Apr. 23 - The Chinese have launched another attempt to wrest some control of the global iron ore market from the dominant big three miners, but it's likely this latest salvo will fall short of the target.
Beijing is planning new rules to force importers to use a domestic trading platform for the steel-making ingredient rather than one backed by the miners.
China, which buys about two-thirds of the world's seaborne iron ore, will refuse to grant new licences to importers unless they use the China Beijing International Mining Exchange (CBMX) platform, according to a Reuters exclusive story .
This physical trading platform operates in competition to the globalORE system, based in Singapore and backed by the top three producers, Brazil's Vale, and the Australian pair of Rio Tinto and BHP Billiton. The three are also members of the CBMX platform.

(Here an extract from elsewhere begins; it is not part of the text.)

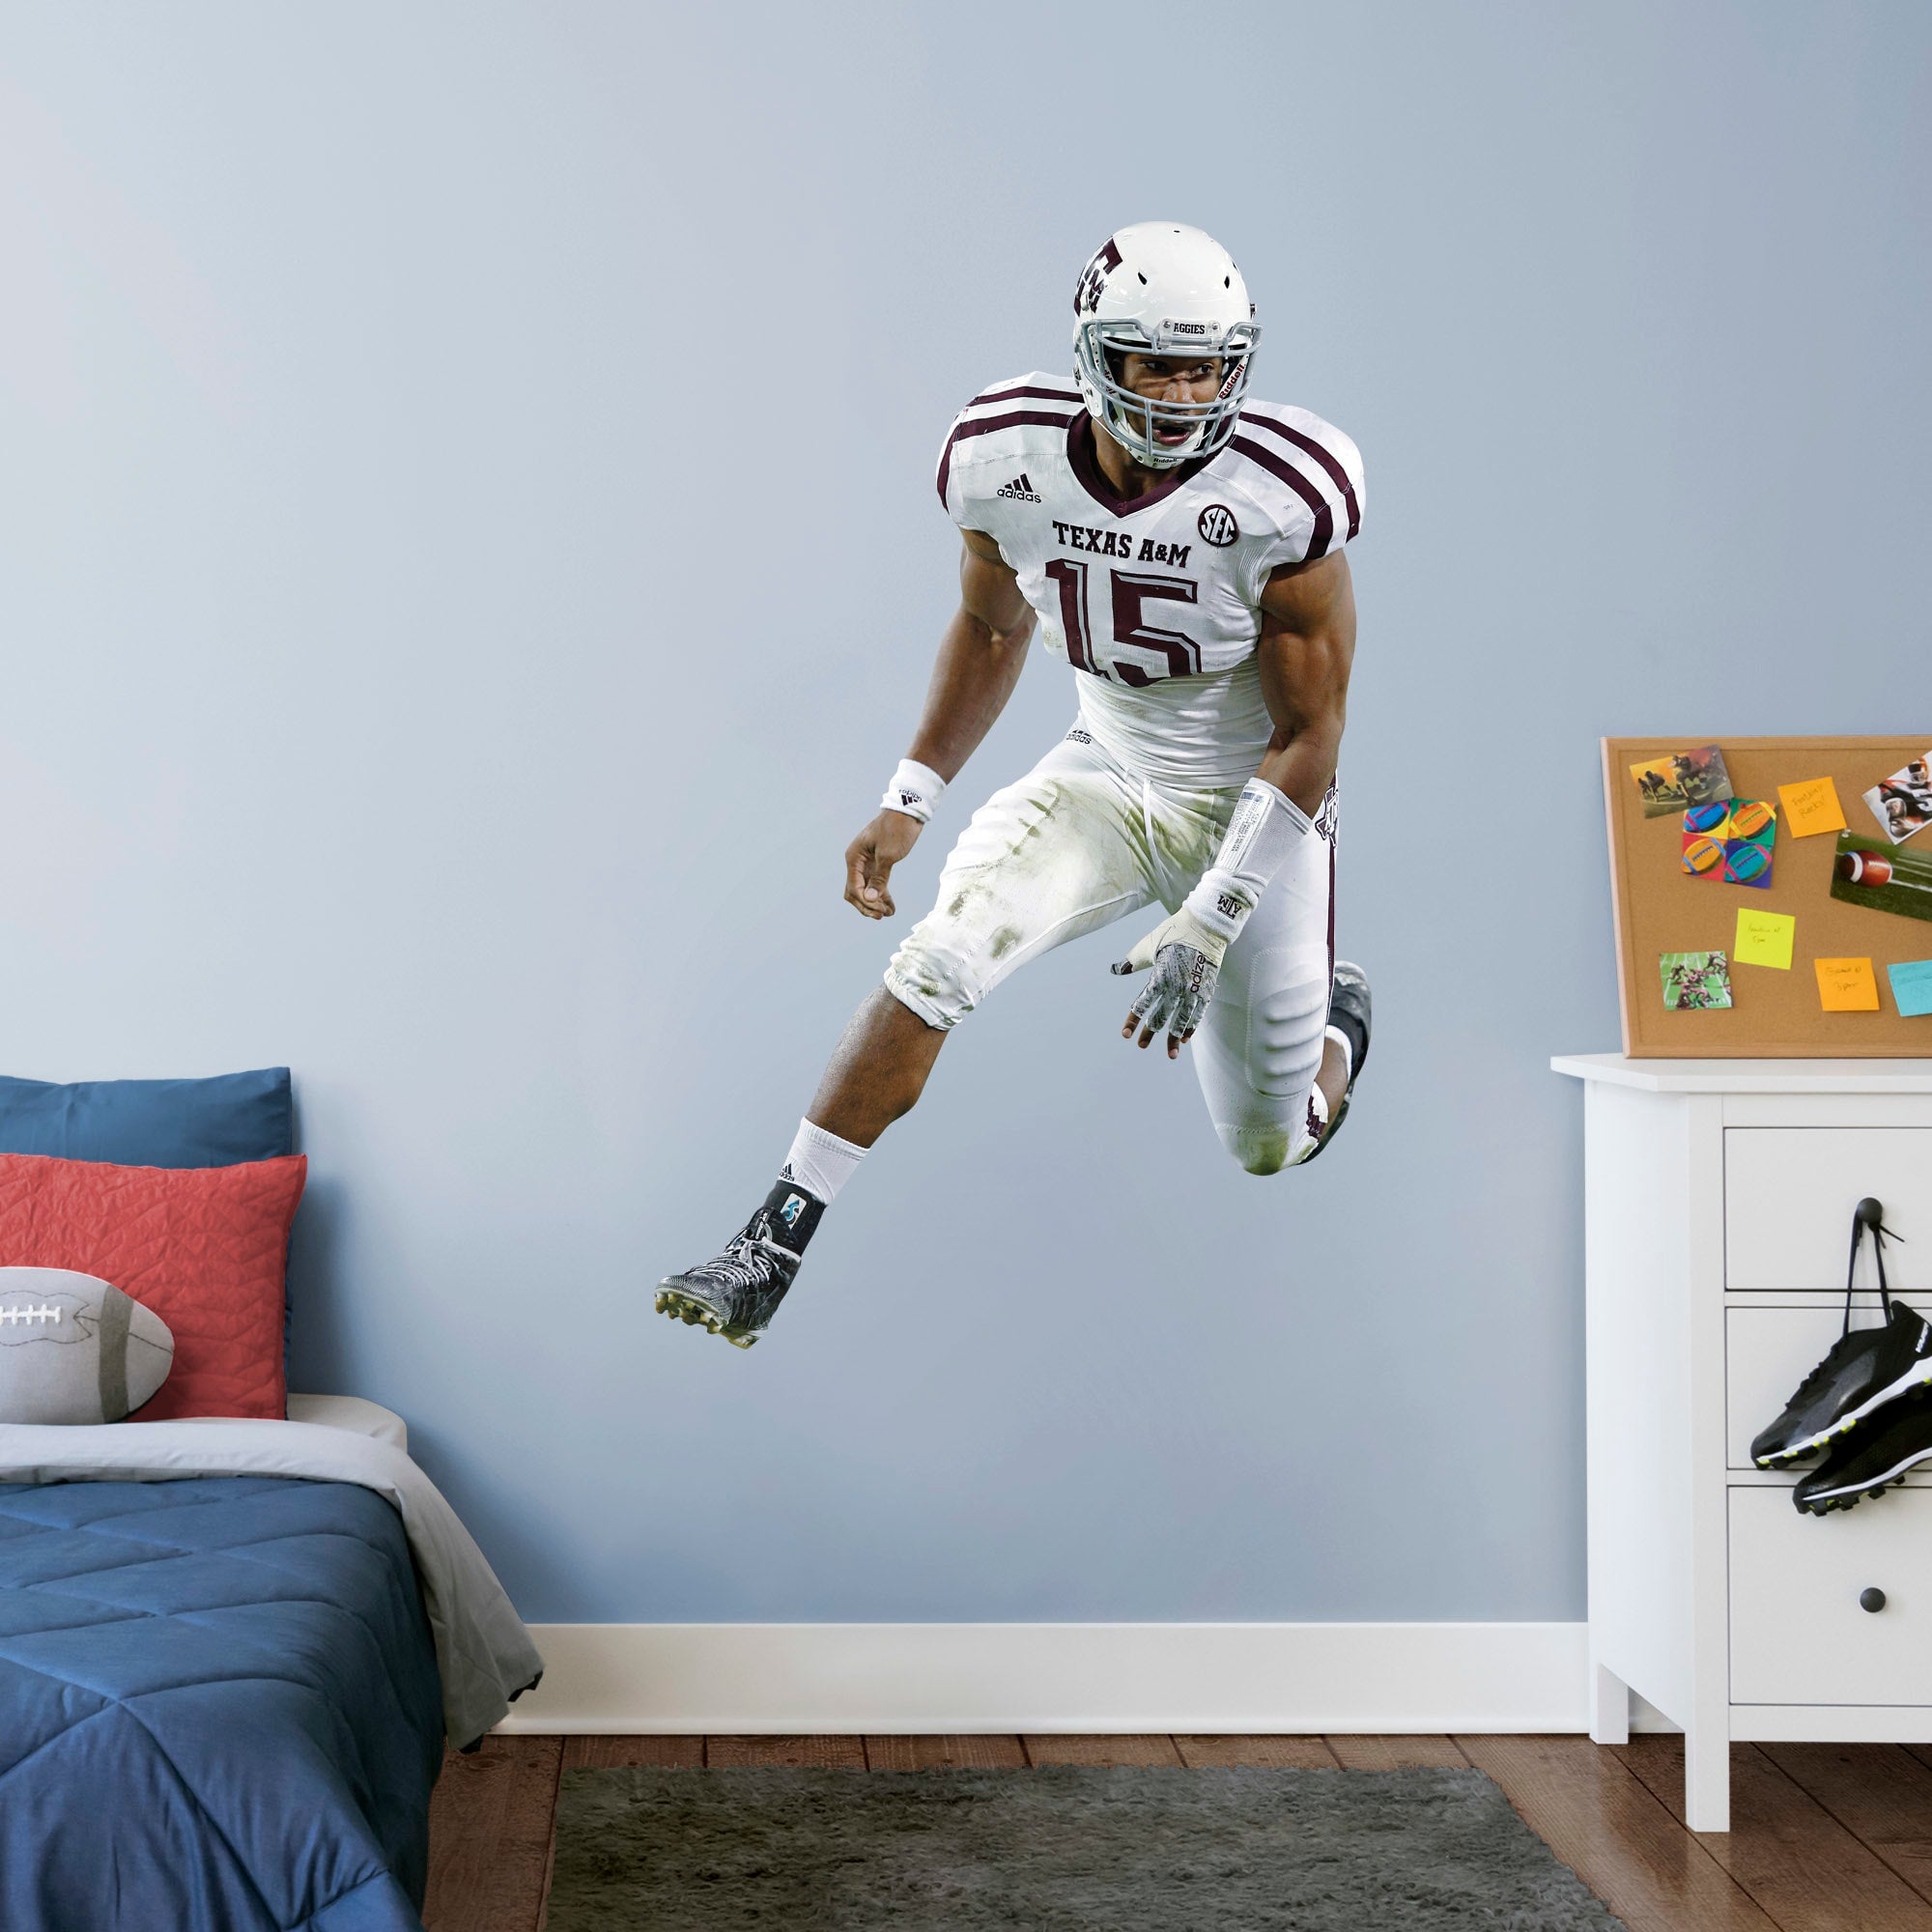 Myles Garrett for Texas A&M Aggies: Texas A&M - Officially Licensed Removable Wall Decal Giant Athlete + 2 Decals (33"W x 51"H)

Under new rules, traders and steel mills seeking a new licence to import will now have to trade at least 500,000 tonnes of iron ore on the CBMX, a document on the regulations obtained by Reuters showed. Only Chinese firms are eligible for import licences.
If the Chinese platform can grab most of the volume in the market, it will become the benchmark and squeeze the globalORE system, perhaps forcing it to close.
The benefit to the Chinese would presumably be that a platform under their jurisdiction would be where the global miners were forced to come to trade.
Given the Chinese have in the past expressed concern about the market power of the big three, the view would appear to be that if the miners didn't control the physical trade then the pricing would be fairer and more transparent.
China's top economic planner even went so far as to accuse the major mining companies of manipulating the price of iron ore, saying in March they were behind the 83 percent rally in the benchmark Asian spot price between September's three-year low and a peak of $158.90 a tonne in February.
This was an extraordinary accusation by the National Development & Reform Commission, especially since it came without any substance, other than a woolly claim that shipments were held back in order to control supplies and send a fake market signal.
The NDRC appeared to conveniently ignore the fact that the rally in prices coincided with record imports by Chinese steel mills, with the three months from November last year to January 2013 being the strongest on record.
As I wrote in March, there was probably a stronger case to say that iron ore was manipulated weaker when the spot price plunged 42 percent between April and September last year, even as China's imports held up remarkably well considering the weaker economic outlook prevailing at that time.
During the price slump there were reports of Chinese traders defaulting on iron ore cargoes, only to buy them back later at a lower price.
This practice appeared not to concern the NDRC at all, given its silence on the matter.
Thus the latest move to force trade to the CBMX platform should be seen as part of China's ongoing efforts to exert some influence over the iron ore trade.
FUTURES MARKET STILL THE ANSWER
The question is whether it will work, and here the answer is more than likely not in the way the Chinese might hope.
Yes, they may well be able to force more transactions onto the CBMX platform, and that in turn may well increase the transparency of pricing, at least for those party to the transactions if not the market as a whole.
But for as long as the big three miners' output is roughly equal to China's annual imports, the producers are always going to have the power to reduce supply if they feel prices are too low.
It would also appear that since the iron ore platforms don't require actual delivery of contracts, the system is open to manipulation by creating "paper" deals that are cancelled before actual shipment.
It's also likely that the miners will insist on keeping prices tied to existing benchmarks like the Platts index, in which case it could be argued that the platform for executing the trades is irrelevant.
Another key element is confidence in the system, and if any of the parties feel the CBMX platform is being manipulated, they will be extremely reluctant to use it.
This is why the best exchanges and trading systems are ones owned and operated by independent parties whose main interest is ensuring the integrity of the system, as this is the way they attract business.
I, and others, have argued that the best system for iron ore would be a deep and liquid futures markets with deliverable contracts.
But this requires the Chinese authorities to open up their financial systems to all comers, something that seems a long way off, especially since their latest move shows that coercion is still the preferred business model.